What happened to BC’s promise of universal $10-a-day child care? Here’s an update

British Columbia’s NDP government has been promising parents a cheaper universal daycare model for years.

The party campaigned on the $10-a-day promise when it first took power, and when parents went to the polls again two years ago, they were again promised the same thing.

Many have been critical of the slow roll-out of the program, especially those living in cities like Vancouver where child care can be as costly as mortgage or rent payments.

On Friday the provincial child care minister held a news conference to announce an expansion, but told those gathered that just 4,015 of these spaces have been made available since last year’s budget.

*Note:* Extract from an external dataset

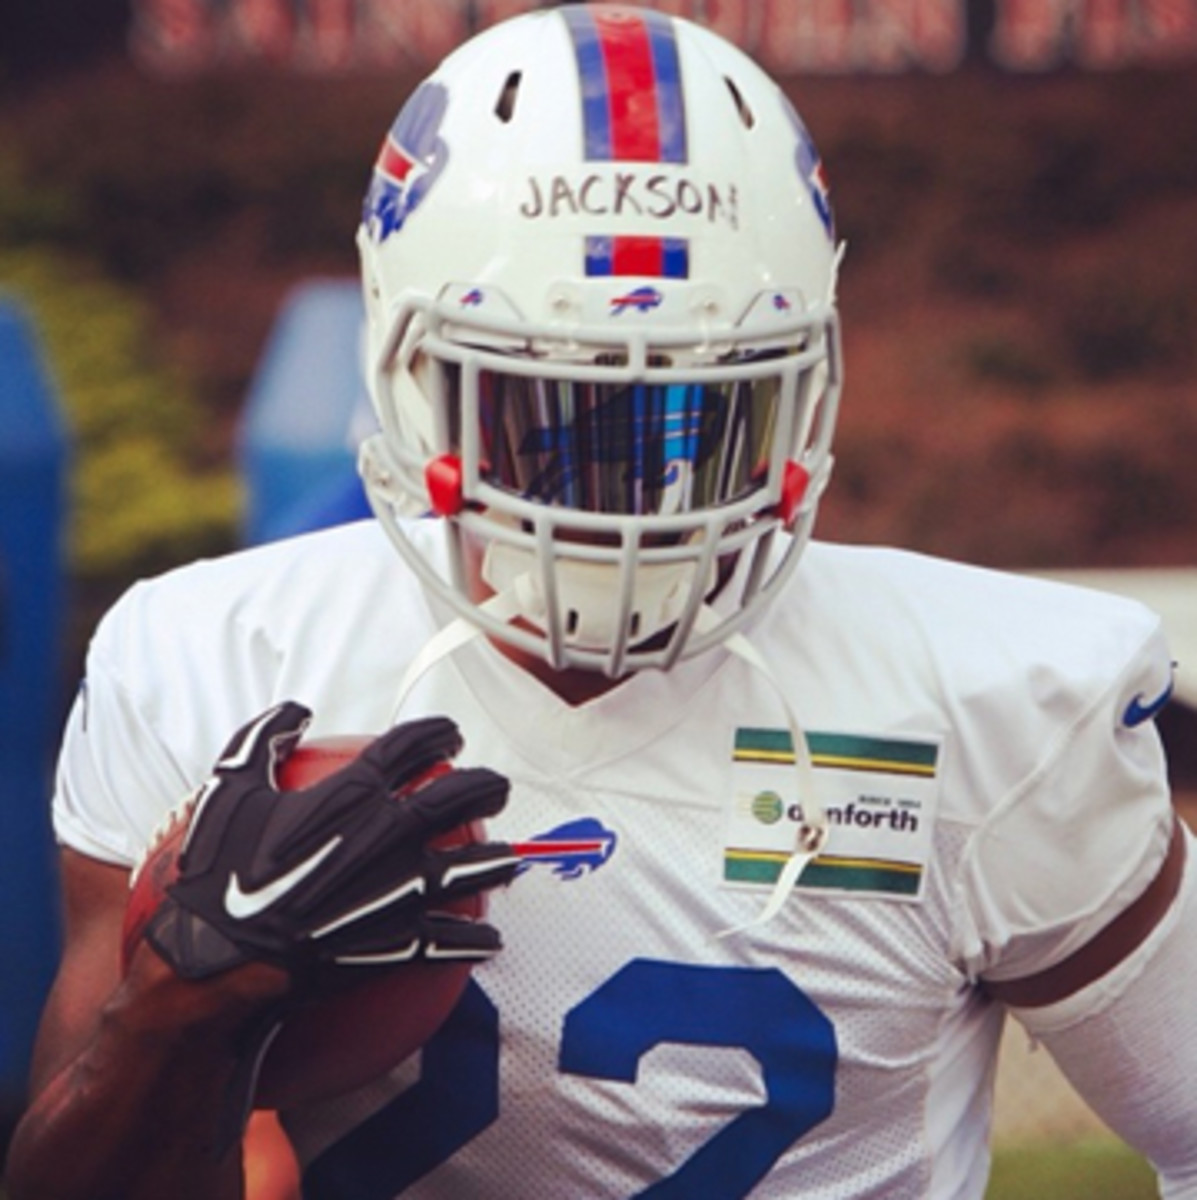 Fred Jackson was looking good in a Bills logo visor, courtesy of Mazurek (via instagram.com/TheMMQB)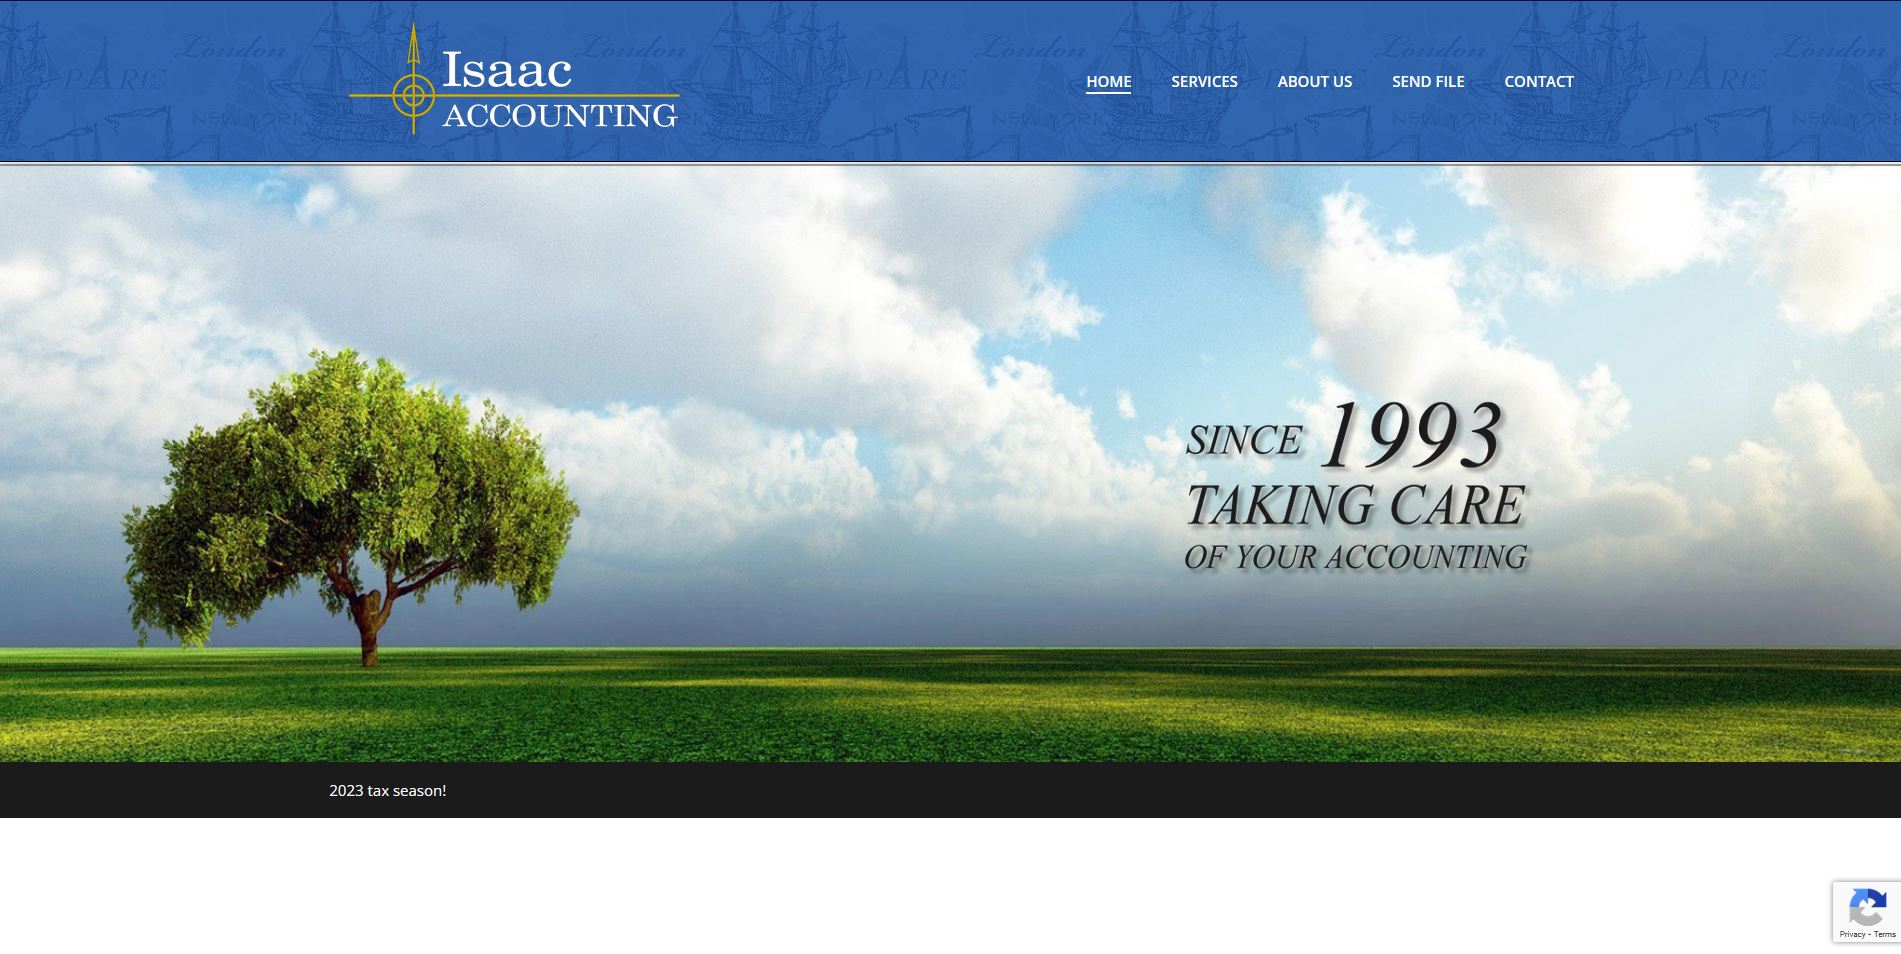 Isaac Accounting website

It’s more than the province committed to – the 2021 budget promised to convert 3,750 licensed child care spaces to the low-cost model – and it more than doubles the number of spaces that were available in the first year of the program, but it means many parents are still waiting.

The “more than 6,500” $10-a-day spaces that the province is at today is out of about 126,000 total spaces, according to data from a provincial budget report for 2020-21.

At Friday’s news conference, Minister Katrina Chen promised more spots by the end of the year, saying the government plans to nearly double the number again by the end of December.

She said the total number of $10 spots should be up to 12,500 before the New Year, thanks to a partnership with the federal government.

The province has so far invested $2.7 billion in child care programs including this one. There are also fee reductions and child care benefits available for BC parents, and the 2022 budget promised to reduce fees for full-day infant and toddler care by 50 per cent by the end of the year.